In practice, however, you would want to write slightly more code to perform some error checking. Let's take an example. Suppose you are running forums software such as phpBB or Simple Machines Forum (SMF). Suppose you've been getting lots of spam from some countries. You would like to block any activity from these countries to any part of your website. First, create a file named ip2loc-connect-info.php and put that into one of your PHP includes directories. (I like to keep this sensitive information in a location away from the webroot for security reasons.) The contents of ip2loc-connect-info.php will be the following:

<?php

define("IP2LOC_SERV_PASSWORD", "pa55w0rd");
define("IP2LOC_SERV_ADDRESS", "localhost");
define("IP2LOC_SERV_PORT", 10020);
define("IP2LOC_TIMEOUT", 200);
define("IP2LOC_RETRIES", 1);

?>

Then, you should find a file that is included at the start of every webpage that a user can hit on your website. In the case of phpBB, such a file is common.php in webroot. In the case of SMF 1.1.x, such a file is index.php in webroot. At the very top of such a file, you can add PHP code such as the following. Bear in mind that this code should be executed before any data is written to the client because the function header() writes an HTTP header to the client, and a header can't be changed once data in the body of the HTTP response is written.

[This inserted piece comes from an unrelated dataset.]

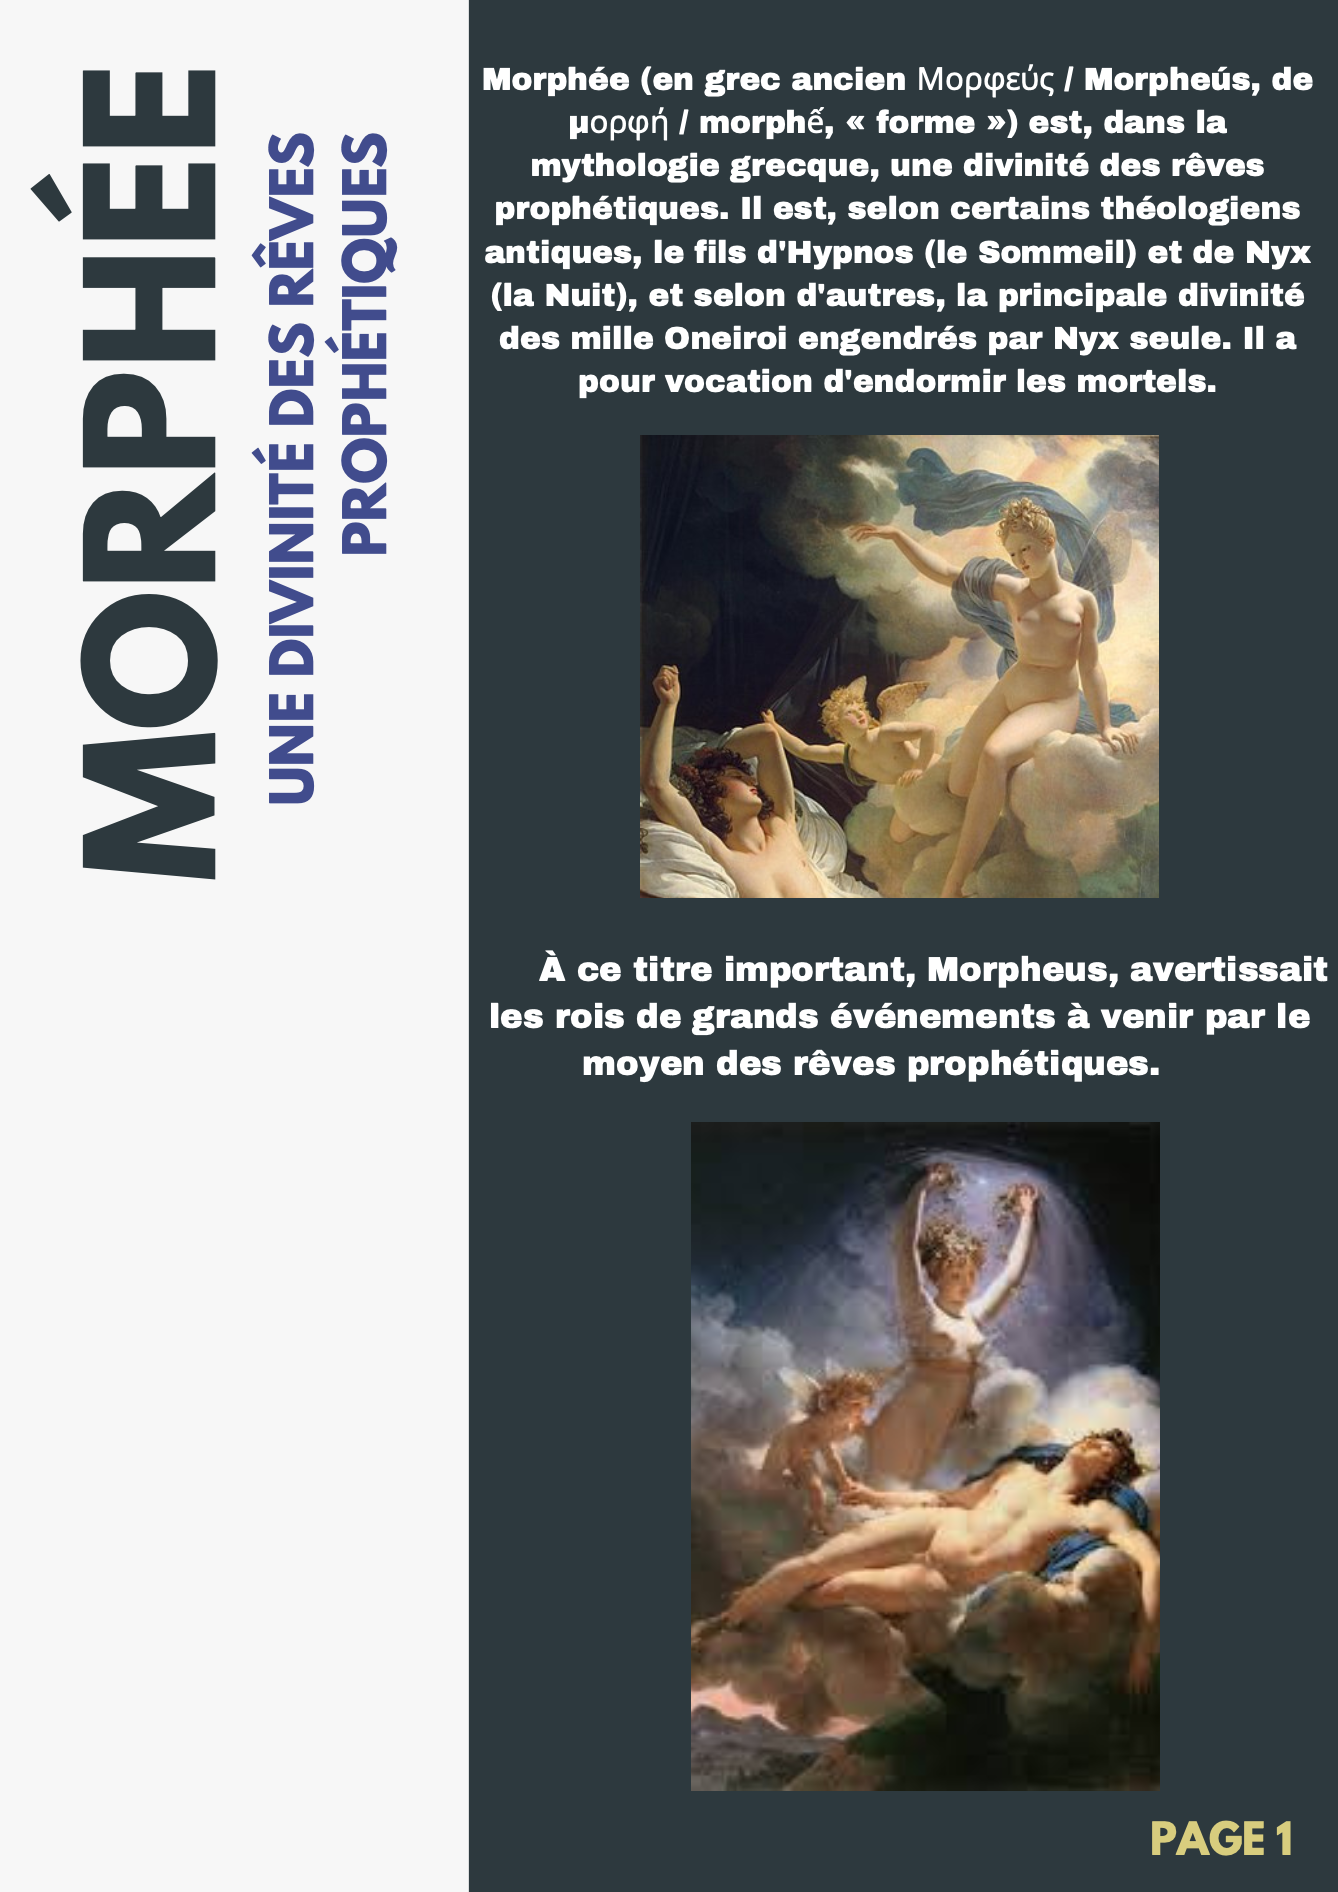 Mythologie grecque: Morphée

require_once "ip2loc.php";
require_once "ip2loc-connect-info.php";

$client_ip = $_SERVER["REMOTE_ADDR"];
while (TRUE) { // Provide break structure.
  $ip2loc = NULL;
  try { $ip2loc = new ip2loc(IP2LOC_SERV_PASSWORD, IP2LOC_SERV_ADDRESS,
                             IP2LOC_SERV_PORT, IP2LOC_TIMEOUT, IP2LOC_RETRIES); }
  catch (Exception $e) { break; } // Don't prevent website access due to misconfigured ip2loc.
  $locations = NULL;
  try { $locations = $ip2loc->get_locations(array($client_ip)); }
  catch (Exception $e) {}  // $locations will remain NULL.
  $ip2loc->close();
  if ($locations === NULL) { break; }  // Don't prevent website access due to misconfigured ip2loc.
  $location = $locations[$client_ip];
  if ($location !== NULL) {
    $banned_countries = array("ZZ", // fictitious country code
                              "WW"); // fictitious country code
    for ($inx = count($banned_countries) - 1; $inx >= 0; $inx--) {
      if (strcmp($location->country_code(), $banned_countries[$inx]) === 0) {
        header("Location: /banned.html");
        exit;
      }
    }
  }
  break;
}

At the end of this script, the PHP page redirects the client to banned.html in webroot. You should create such a page with a message stating why they are banned. Frankly though, I don't know that banning an entire country from a website is a good idea.